I decided to use my time stuck at home constructively by taking online masterclasses in film and television screenwriting with Karel Segers of the Story Department. What struck me about the course was how much meticulous planning screenwriters put into scripts before they even type the title page of the story.

There are several reasons for this. Unlike books, where readers can take as long as they want to complete a novel, screenplays are restricted by time. Most films run from 80 to 120 minutes long (unless they are French and you don’t mind watching a four hour long film about someone painting a wall!). Commercial television has to take into account ad breaks, and television episodes in a series usually run around the 45 minute mark.

Films and television shows are also far more expensive to produce than books, so every scene and character must count. Also the way we view drama comes with a sort of intuitive expectation of how a story plays out in regards to turning points, set-backs, climaxes and resolutions.

Because I like challenging myself, I set a goal of planning my new novel with as much discipline as screenwriter. I wrote out extensive backstories for my main characters and spent a few months writing a ‘step outline’, where I wrote down every scene for my novel in order, including brief descriptions of the setting, character interactions and snippets of dialogue if they came to me.

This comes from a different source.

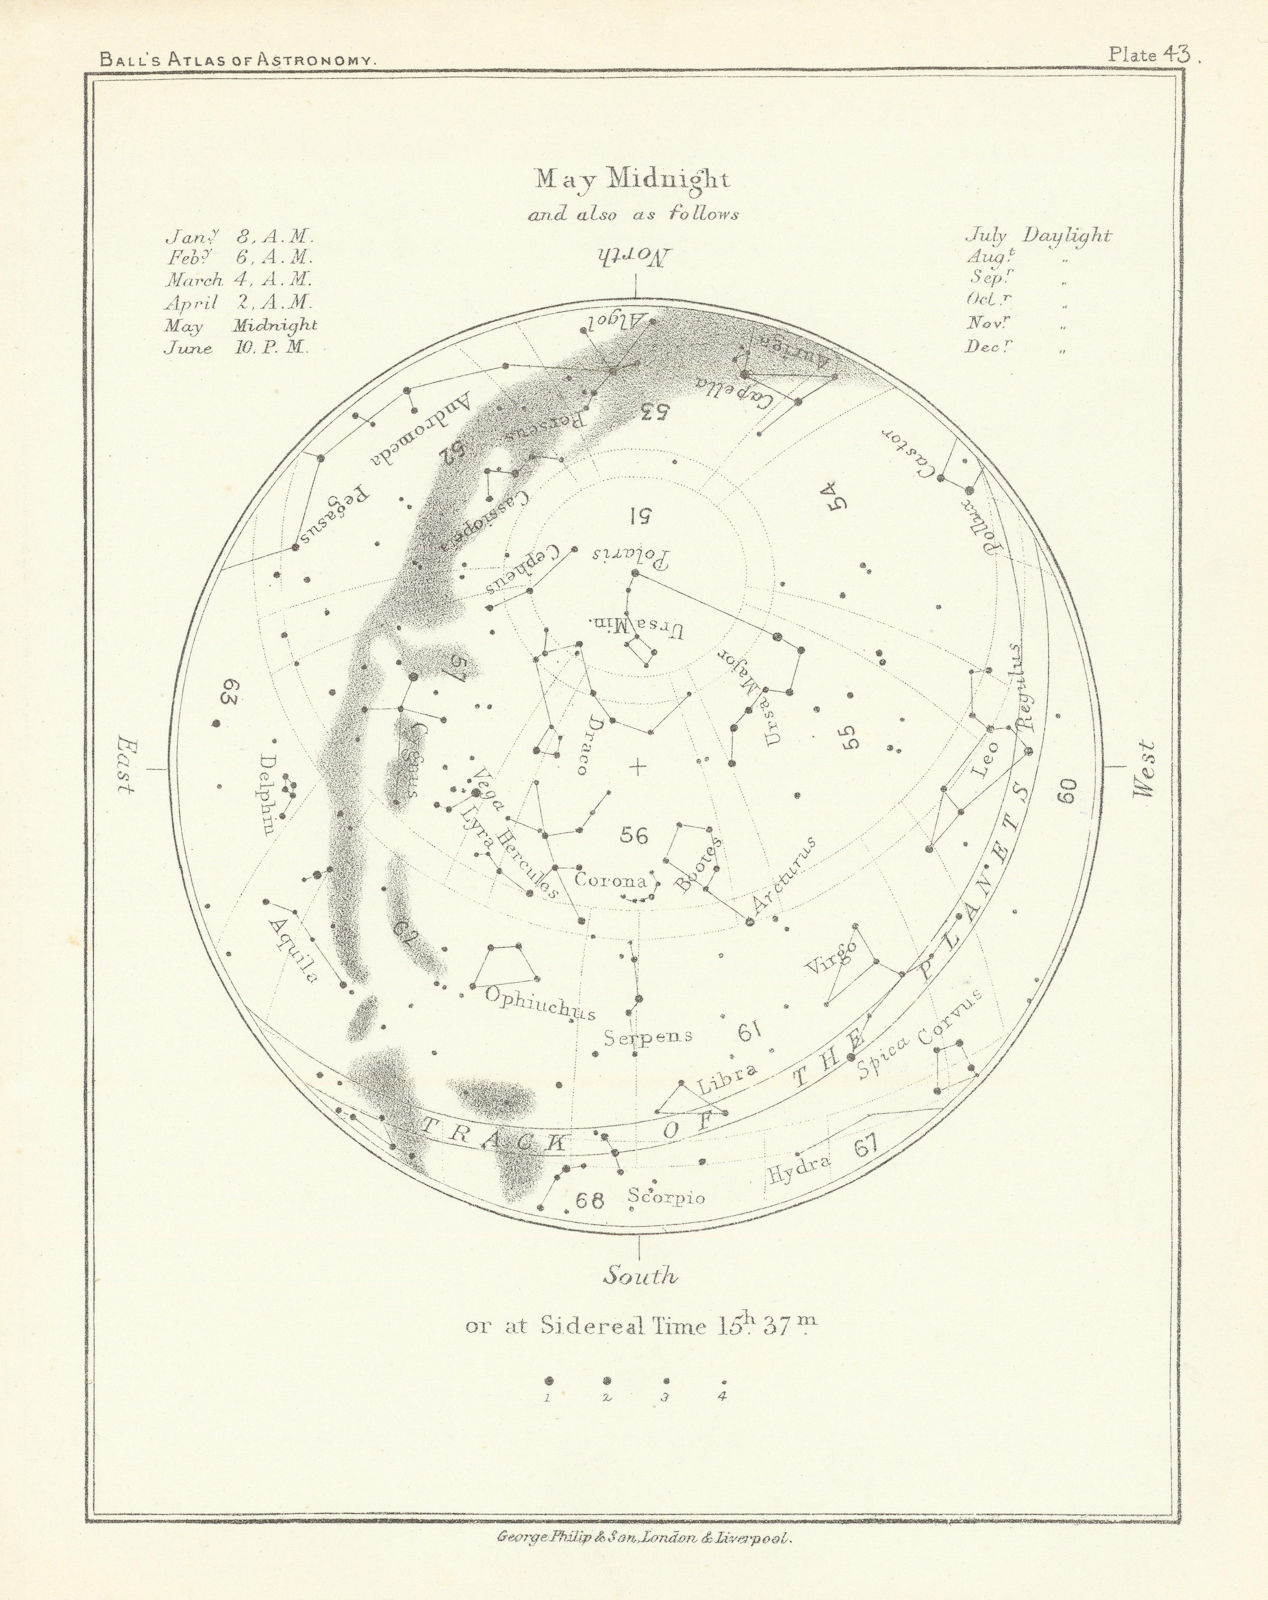 Night Sky Star Chart - May Midnight by Robert Ball. Astronomy 1892 old map
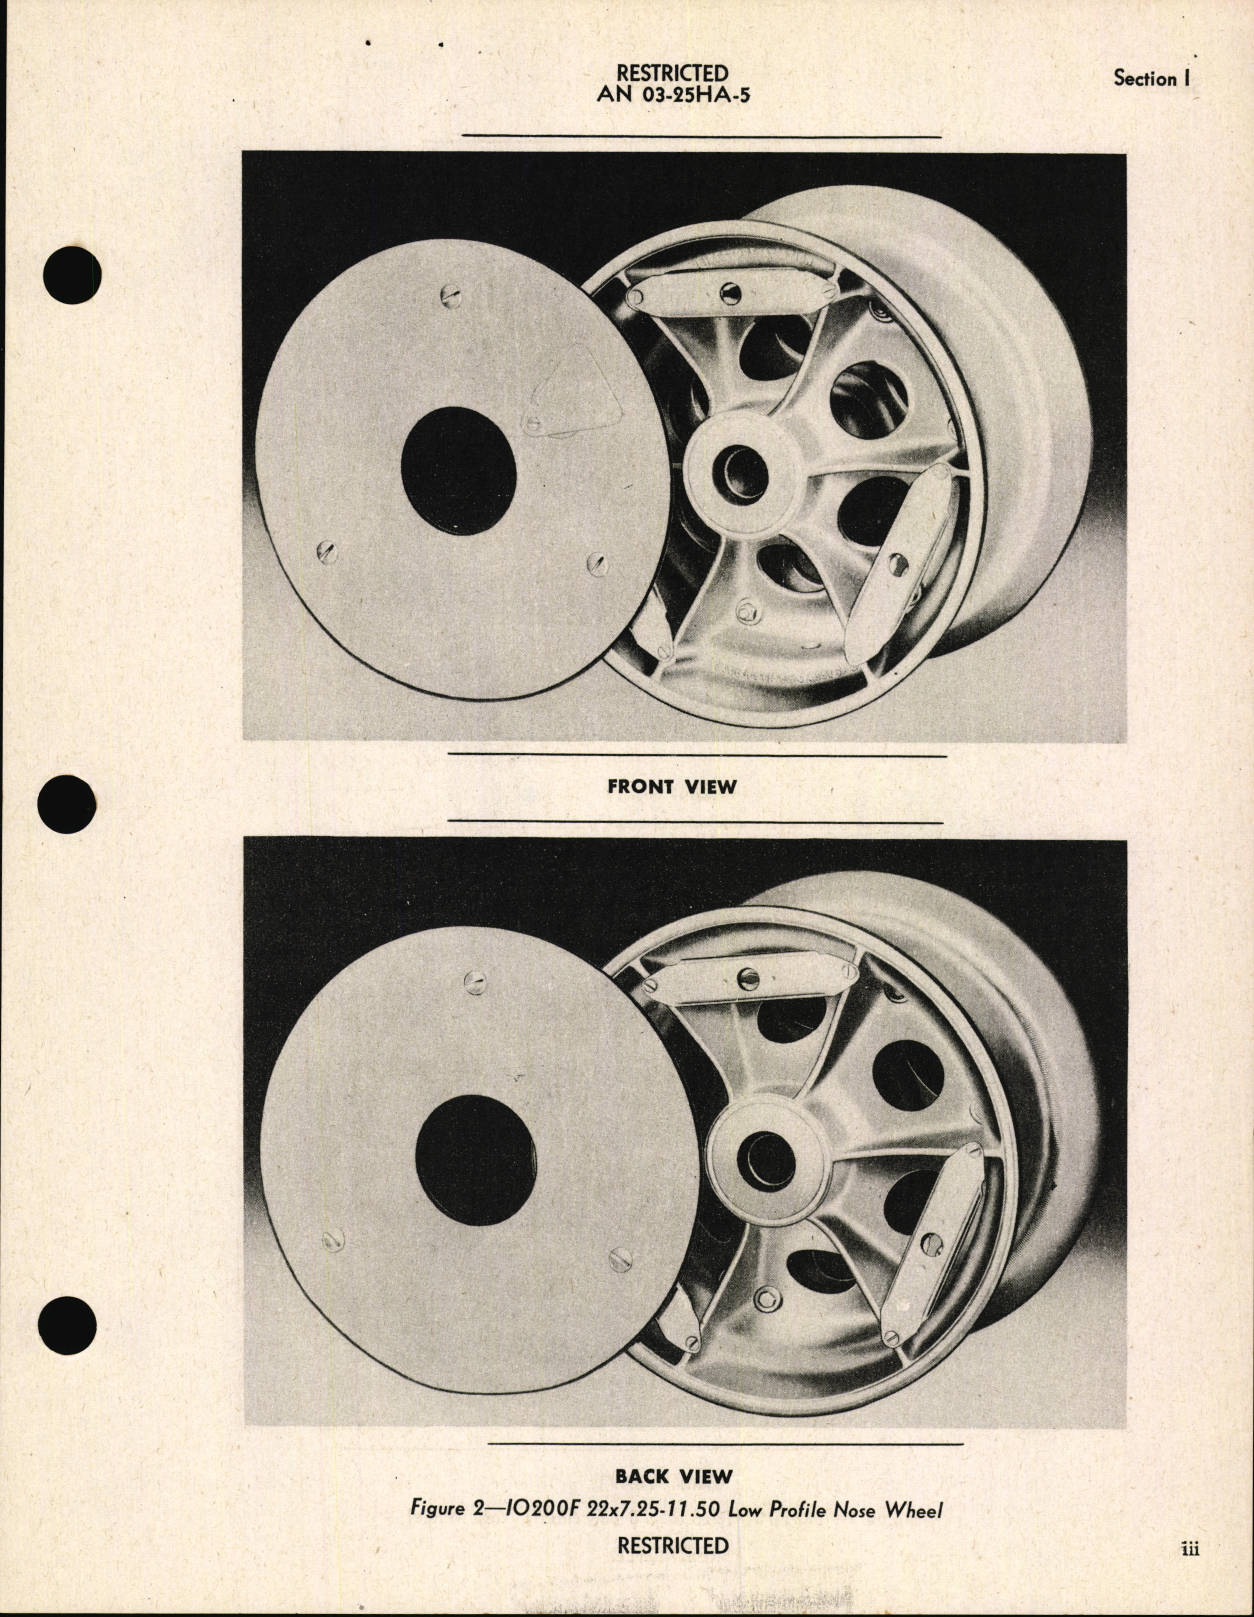 Sample page 5 from AirCorps Library document: Handbook of Instructions with Parts Catalog for Nose Wheels

This meant I had pictured my story clearly from beginning to end.

It made me nervous to be spending so long thinking out my novel before starting to write it. I only have a certain amount of time between writing books, and it did take a lot of determination to keep plotting the novel and resist the urge to start writing it.

But I’m so glad I did stay the course, because I found so many advantages in working this way. To name a few:

💗 I didn’t waste time researching topics that weren’t going to be relevant to the story

💗 I could share the outline with my publisher and agent before I started writing. My publisher actually made a suggestion for a major change that was easy to make in the step outline. It would have been a lot harder to make if the novel was already finished.

💗 I could write out of chronological order if I needed to. In my past novels, because I was telling the story from beginning to end, I couldn’t jump all over the place when writing. I even wrote my stories that have past-present storylines in strict order. By having a plan, I could work on a later chapter while waiting for research material for an earlier chapter to arrive. I could also spend my energy writing the big scenes first and then go back to writing calmer ones.

💗 The stress of wondering what to write each day was eliminated. It was already worked out in the plan.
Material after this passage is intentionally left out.